In July 1959 he was promoted to Principal Assistant Keeper, and to the Deputy Keeper in December 1966. On 1 January 1970 he became Keeper of Public Records, a post that he held until June 1978. A major challenge for Ede as Keeper was planning the new Public Record Office at Kew, which opened in 1977, and the transfer of staff and records from the Chancery Lane office and the Ashridge repository.
Jeffery Ede was born in Plymouth in 1918, the eldest son of Richard Ede, a customs officer. His family later moved successively to Hayle, Cornwall, and Barnstaple, Devon, and, after his father's death in 1927, to paternal grandparents in Saltash, from where Jeffery went to Plymouth College.

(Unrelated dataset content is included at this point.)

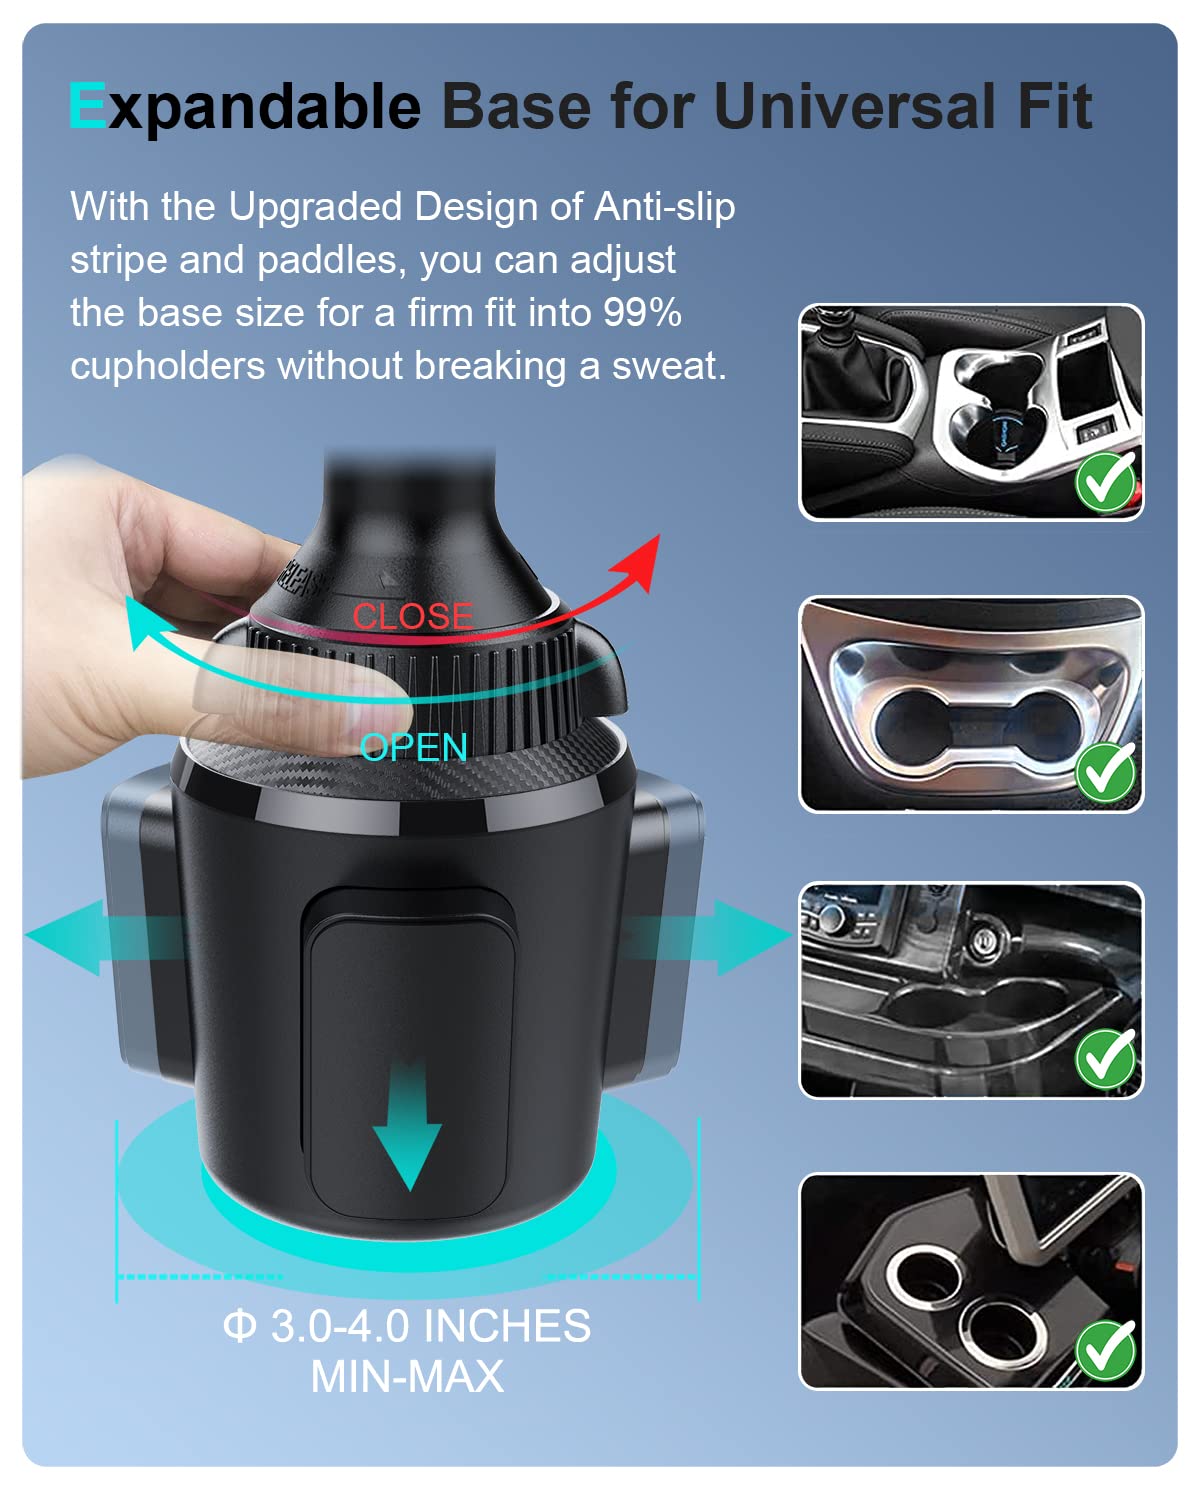 OQTIQ Wireless Car Charger 15W Cup Holder Phone Mount Adjustable Car Phone Holder Charger with QC 3.0 Adapter Compatible with iPhone 14/13/12 Pro Max, Samsung, Pixel, LG & More

In October 1937 he went on an open major scholarship, and an exhibition from the Goldsmiths' Company, to King's College, Cambridge, to read Classics, gaining a First in Part I of the Classical Tripos. In the 1950s he repaid his debt to the Goldsmiths' Company by sorting and listing its archives and advising on their care.
In 1939 he began six and a half years of war service in the Intelligence Corps in which he was mentioned in despatches. In 1940 he was posted to France with the British Expeditionary Force and was at Dunkirk. Early in 1941 he went to Syria, where he rose to company sergeant major, gaining his commission in December 1943.
After D-Day he was responsible for port security and a Mulberry harbour at Arromanches, and later similar duties in Belgium and Germany. He was promoted to major as Port Security Control Officer in Hamburg and to GSO II Intelligence (Ports and Frontiers) on the staff of HQ 8th Corps District, before demobilisation in April 1946. He took his delayed MA at Cambridge and joined the Public Records Office in 1947.
In 1944 he had married Mercy Sholl, who was teaching at a preparatory school, which had been evacuated to Alfoxton House in Somerset, a house with historical associations with Coleridge and Wordsworth. Here her brother, Ernest Sholl, was school chaplain and Classics master, subsequently becoming Rector of Holford and Vicar of Stogursey.
Outside the Public Record Office Jeffery Ede was a Lecturer in Archive Administration at the School of Librarianship and Archive Administration at University College London. He also acted as a Unesco expert advising on the national archives of Tanzania in 1963-64. From 1972 to 1978 he was Chairman of the British Academy Committee on Oriental Documents and in 1976-78 Vice-President of the International Council on Archives (ICA). He served for three years as the President of the Society of Archivists, and in 1979 was made a Freeman of the Goldsmiths' Company and of the City of London.
In retirement in Somerset, at Drayton and later at Ilminster, Ede served as a co-opted member of the county council's Libraries, Museums and Records Committee (1980-88) and as Chairman of the Somerset Archaeological and Natural History Society's Library Committee (1987-93). He sorted and listed the society's own administrative records for transfer to the Somerset Record Office; and similarly a collection of records of the Cely Trevilian family of Midelney and papers of the Heritage of the Ile Trust in Ilminster. He also compiled a report on the records of the Clerical & Medical insurance company and undertook several missions for the ICA and Unesco to Cyprus, Lesotho and Iraq.
His abiding characteristics in public and private life were a sense of duty and discipline, leavened by an easy manner and kindness, understanding and courtesy. He was, too, able to stand back and observe himself and others with puckish humour and wit.